Live Boston reports police are looking for Akil Jackson, 41, in connection with the shooting murder of Alicia Heywood in Roslindale Square on July 29.

Heywood lived in South Easton after moving from Hyde Park.

Police thought they had Jackson cornered in an apartment in Dorchester's Adams Village the day after the murder, but after a five-hour SWAT search that lasted five hours and led to nearby residents being evacuated, concluded he wasn't there.

In 2011, Jackson pleaded guilty to being a convicted felon in possession of a firearm and was sentenced to two years in federal prison for an incident at the Amtrak station in Rensselaer, NY - three months longer than prosecutors had requested. He was waiting for a train when he spotted a sheriff's deputy with a dog sniffing around the station and he failed to convince a station worker to stow his bag on account of the marijuana inside; the dog led the deputy to his bag and, on a search, it was found to contain both marijuana and a gun, according to court records.

In a sentencing recommendation, a prosecutor explained how Jackson came to be a convicted felon:

Although only 31 years old, the Defendant's has 8 different arrests, not including the instant offense of conviction. He has been convicted of 6 different misdemeanors and 1 violation. Significantly ... on November 6, 2006, he pled guilty to carrying a stolen concealed .380 caliber firearm. In addition, while on pre-trial release, it is significant that ... the Defendant was in Charlestown, Ma, and was arrested in possession of cocaine, a large bag of marijuana, and a sawed off Remington .22 rifle. He was subsequently convicted [in 2009] of possessing with intent to distribute cocaine and the felony possession of a firearm.

Jackson's attorney asked for a sentence at the lower end of the scale - the minimum sentence for the crime is 18 months - saying all his criminal acts could be traced to the PTSD he developed while in the army in Afghanistan in the aftermath of the 9/11 attacks and that before the war, he was a studious young man who had been accepted to Boston Latin Academy before the relatives who had taken him in from his broken home sent him to North Carolina to keep him off the mean streets of Boston:

Mr. Jackson's experience in Afghanistan had a significant impact upon him. He experienced the chaotic and lethal violence within Afghan civilian communities. One event seared into his memory involved a young boy who shot and killed another Afghan civilian in the street. The young boy was then immediately shot dead by a U.S. soldier. He witnessed the deadly human toll, observing the broken and dismembered bodies of dead U.S. soldiers and Afghan civilians, both in the course of his duty in Afghanistan and while hospitalized there for his knee injury.

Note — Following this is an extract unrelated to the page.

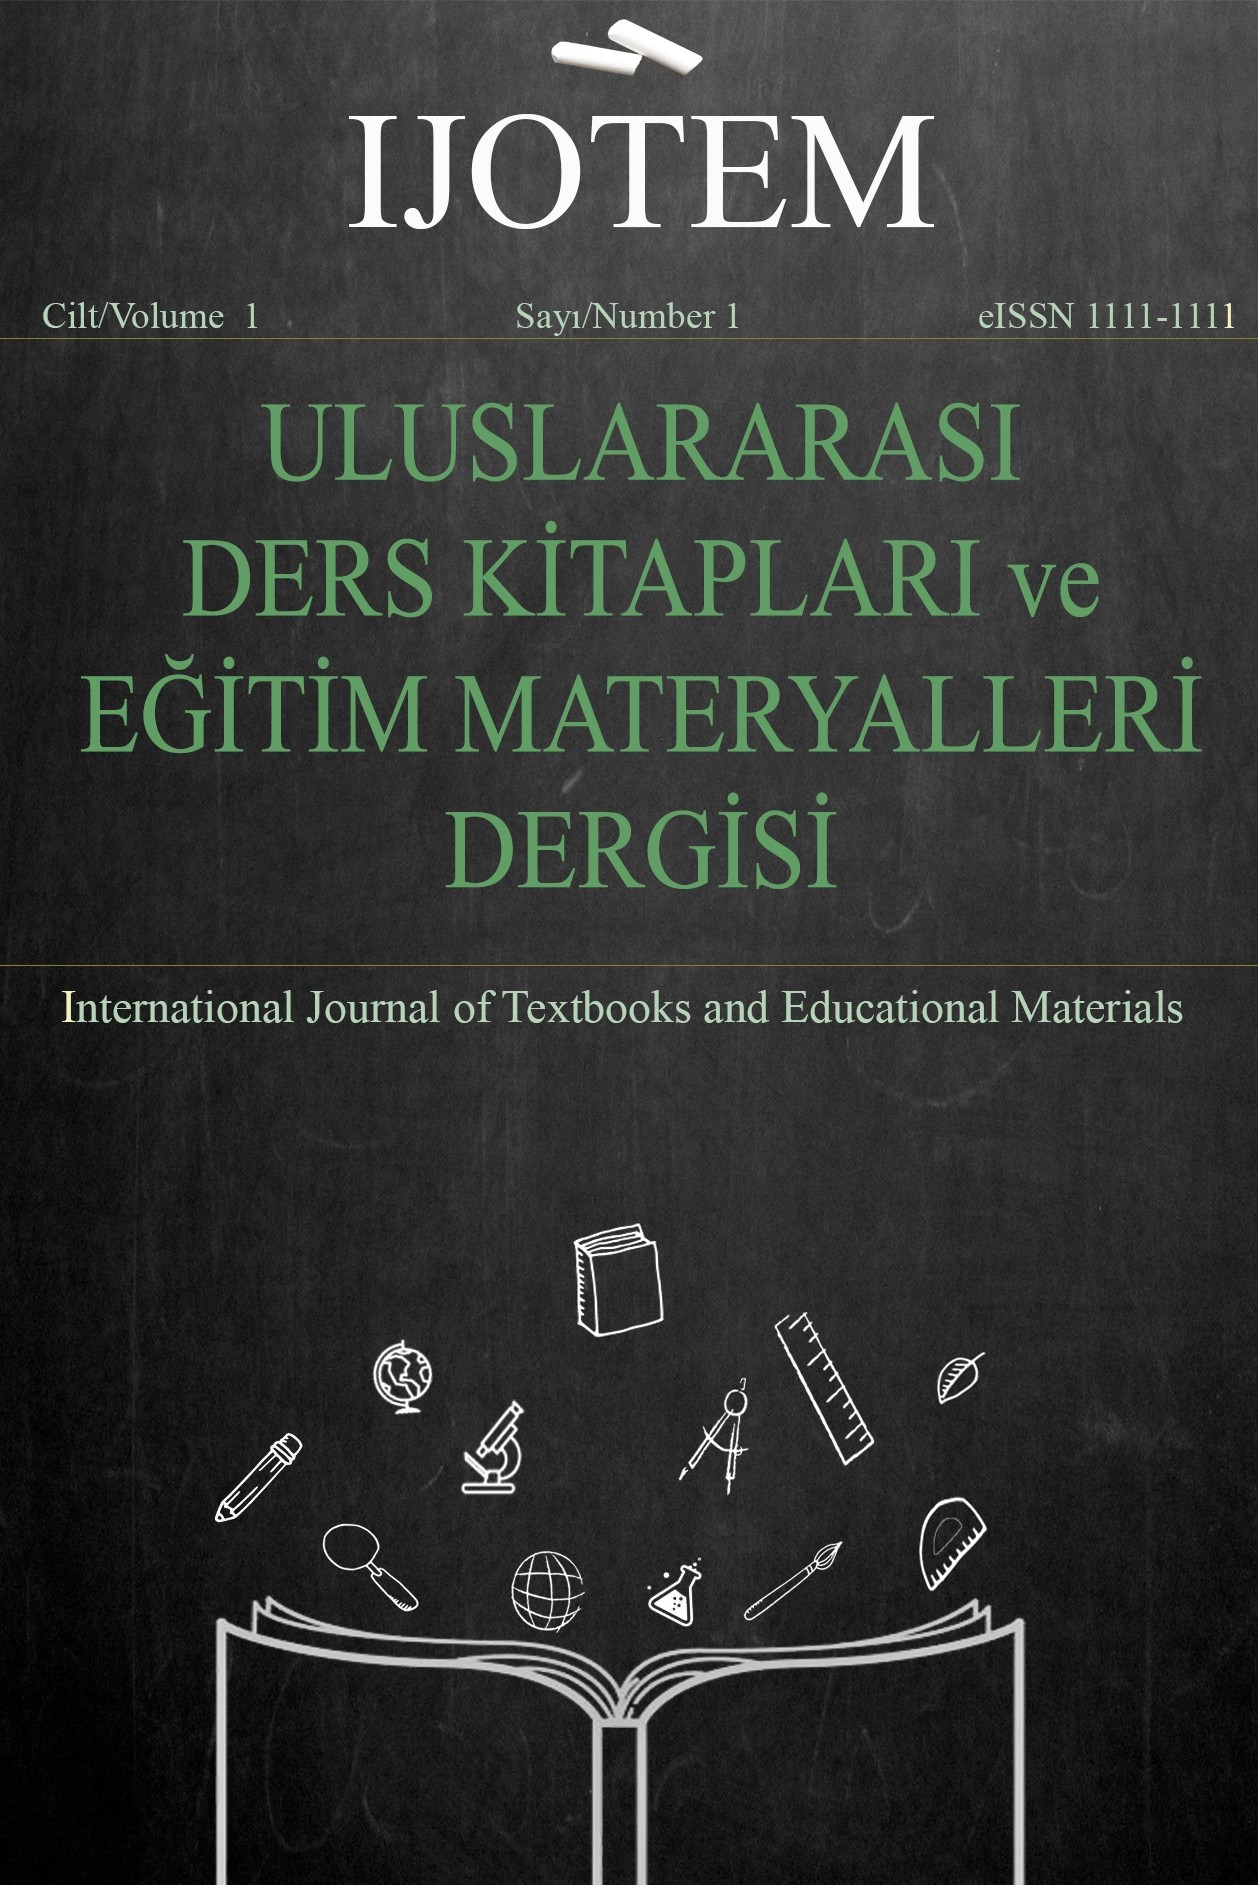 Uluslararası Ders Kitapları ve Eğitim Materyalleri Dergisi-Cover

Prior to Mr. Jackson's war zone experience, he had no serious criminal history. His only legal transgression was a minor shoplifting incident on base in 2001.

Mr. Jackson's outlook after his return from Afghanistan was grim. He did not believe he would live very long, and he did not expect have a normal life. Following his discharge from the Army in February of 2004, as his criminal history reflects, his behavior became more erratic. His actions were consistent with those of a person suffering psychologically and self-medicating with marijuana. After he lost a job and learned unexpectedly that he would be a father, he believed he was not up to all that life required of him. He attempted suicide. Police intervention ultimately prevented that. ...

Since his discharge and until this case, he has had trouble maintaining employment and steady relationships. He has suffered from the many symptoms that arise from post-traumatic stress disorder, including anxiety and depression, the inability to sleep, social isolation, irritability. As the report from the Boston Vet Center ... notes, Mr. Jackson's history since his experience in Afghanistan reflects that he suffers from PTSD. The symptoms from that disorder at times have affected him severely. He also has been rated disabled as a result of service-connected PTSD. Mr. Jackson's involvement in this case and the case in Charlestown, Massachusetts are part of that continuum. When Mr. Jackson was arrested in this case, he was using marijuana on a regular basis. For no good reason, he possessed a firearm. His conduct reflected the same influences as the history that developed after Afghanistan.

Innocent, etc.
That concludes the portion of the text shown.